Thank for the good info. I'll work on how I sound for ya.

Those axles have c-clips though I thought. Might want to sell that and grab the rear out of a dodge. Don't think anyone makes a lunchbox for those, and to get rid of the c clips to run a locker will be more trouble than that axle is worth.
Well crap. That is actually good info. For some reason I thought the locker would fit in without issue. Didn't think about the C-clips. Looks like it's back to the drawing board since I don't want to be cutting down the axle tubes for the eliminators. Run the 9.25 til it breaks is the way it's looking now.

Thanks for all the useful responses.
 
You are now on the slippery slope of basically cost vs performance return. You could run that D60 van rear and if a 9.25 has been surviving just fine I don't think you would have any problems but finding a locker and such is going to be a pain and money. 4.10 with 35-37 is a decent street setup as long as your not looking to tow much and would probably work nice with the doubler setup. Hell you could run that rear for now along with 4.10 front or sell it to fund the new rear axle.

i say it all the time on here but I am used to working with very little $ on a project so finding a set of take out 3\4T axles from a pickup would be where I headed. Even then you have choices in the rear from D60-70-80 and then drum brakes or disc depending on year, if your current axle is drum then going disc will be bit more parts and money invested for master cylinder and proportioning valve.

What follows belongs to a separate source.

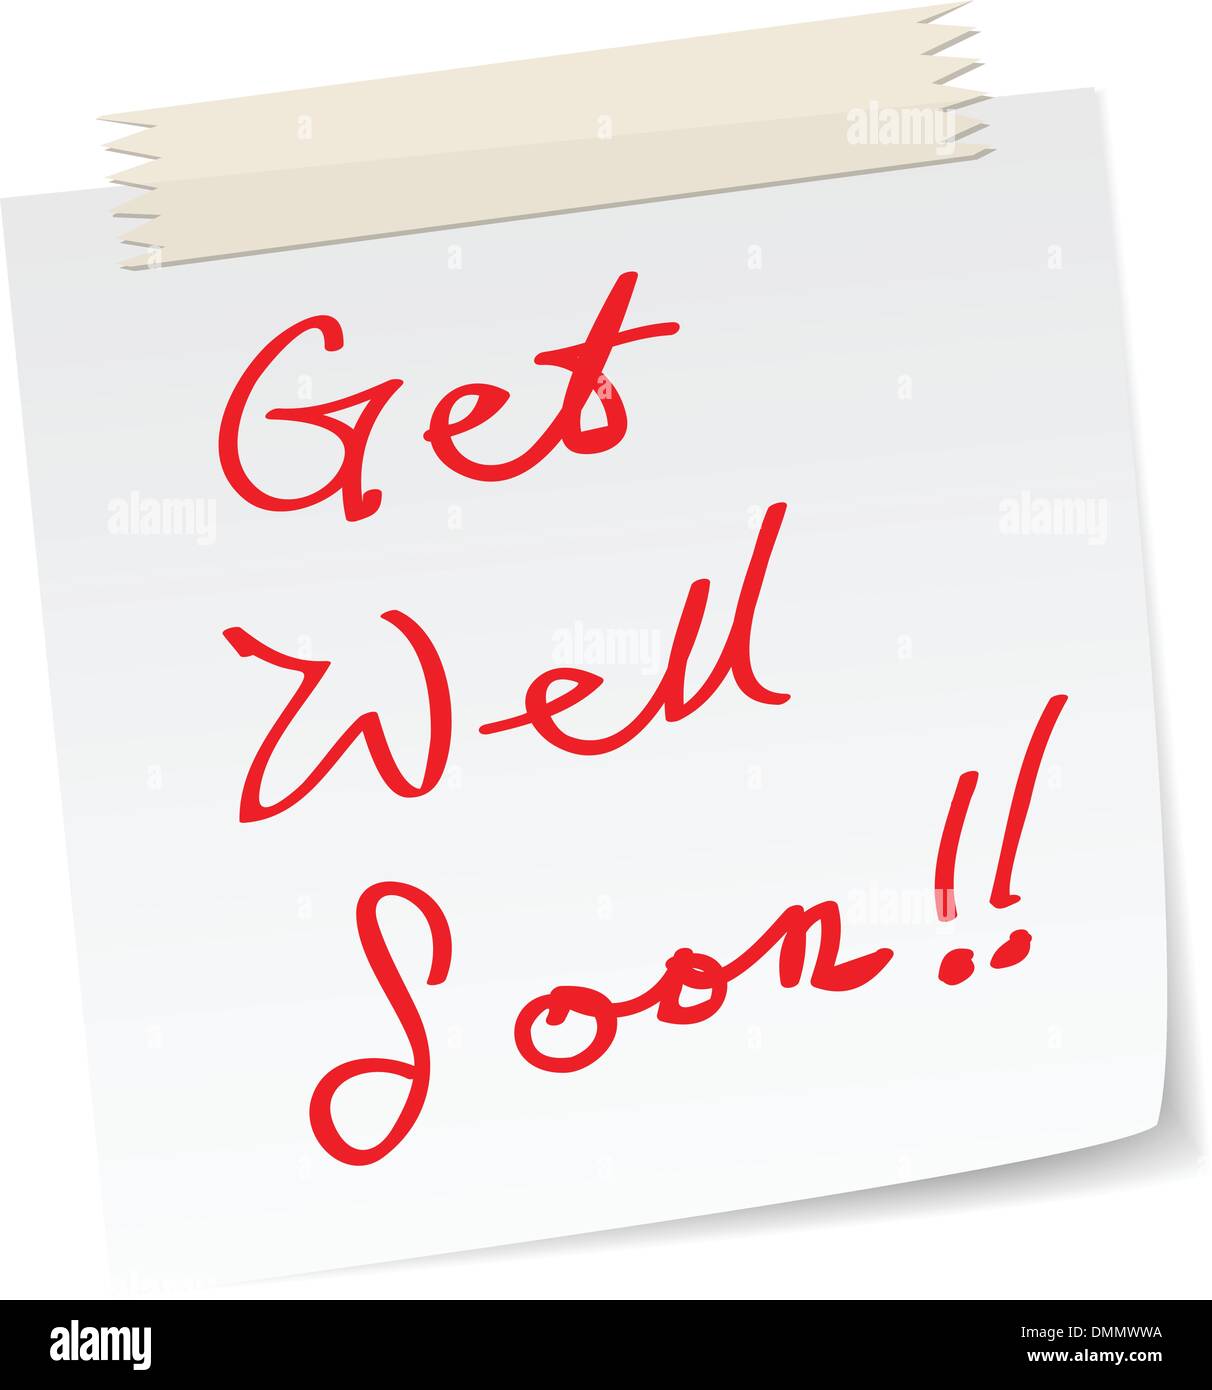 get well soon message Stock Vector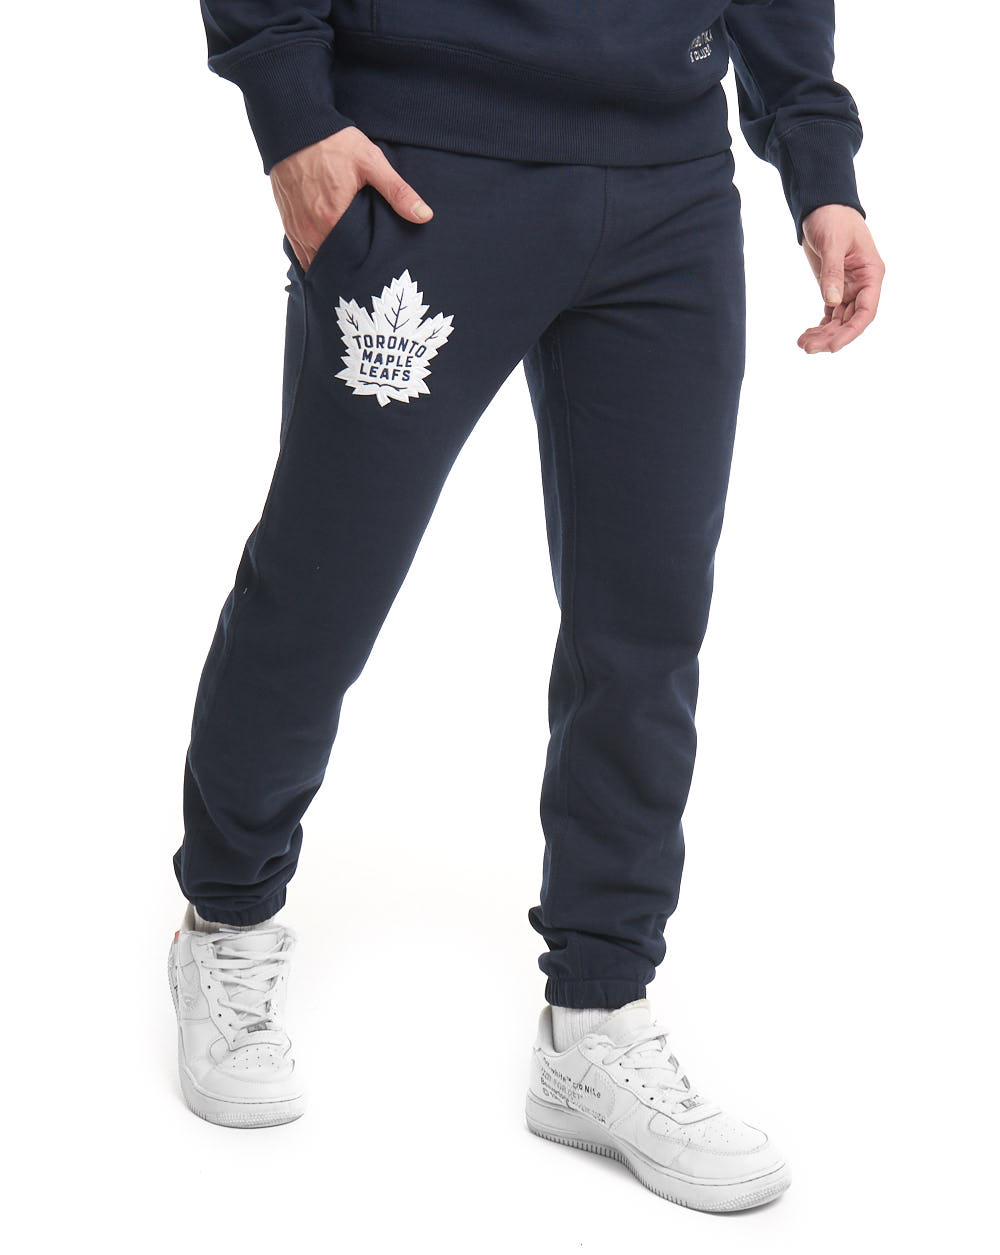 Спортивные брюки мужские Atributika&Club Торонто Мейпл Лифс 46200 синие 2XL

Basically V8 trucks got D60 front and rear other than some early\rare low GVW trucks with D44 8 lug front. V10 and Cummins trucks got the D60 front and D70 rear if automatic and D80 if manual. Gears are either 3.54 or 4.10 unless someone has been in them before. In my area the V10 trucks were cheaper to find even if the parts are the same so if you were patient you could find the axles for maybe $200 each or a roller for 500-1000 and then sell off some parts you dont need. For awhile everyone wanted 4.10 axles but then cummins guys started hunting 3.54 for better highway rpm\MPG so they went up in price.

You could also go with something from different brand like chevy 10.5 from a GMT800 truck as they are almost same width as the ram axles and the 14 bolt is plenty strong, gearing there is usually 3.73 or 4.10 though so have to go 4.10 if you want to match a ram front without redoing gears. Factory limited slips work if your not hard on your stuff and I'm guessing your not but then the carrier is not usable later for a locker upgrade like an open diff would be. Ford has the sterling with 3.73-4.10-4.30 and some of them got a factory locker but then you are looking at redrilling or adapters to get to the 8x6.5 to match front.
 
I don’t think I’ll bother building a 2nd gen D60. Build a D70U out of 2nd gen, as it’ll be “bolt in”. Smooth bottom center section too.

I may be wrong but I think 2 gen D80 (SRW, unsure about DRW) axle shafts will bolt right in 2nd gen’s D60 & D70 with 35 spline carrier/locker installed.

Yup that's right, my friend's 1996 2500 Magnum 5spd rear D60 took the exact same Yukon 35 spline axles (after he did a Ziplocker) as my truck which is a 1998.5 24V 5spd D80 rear axle.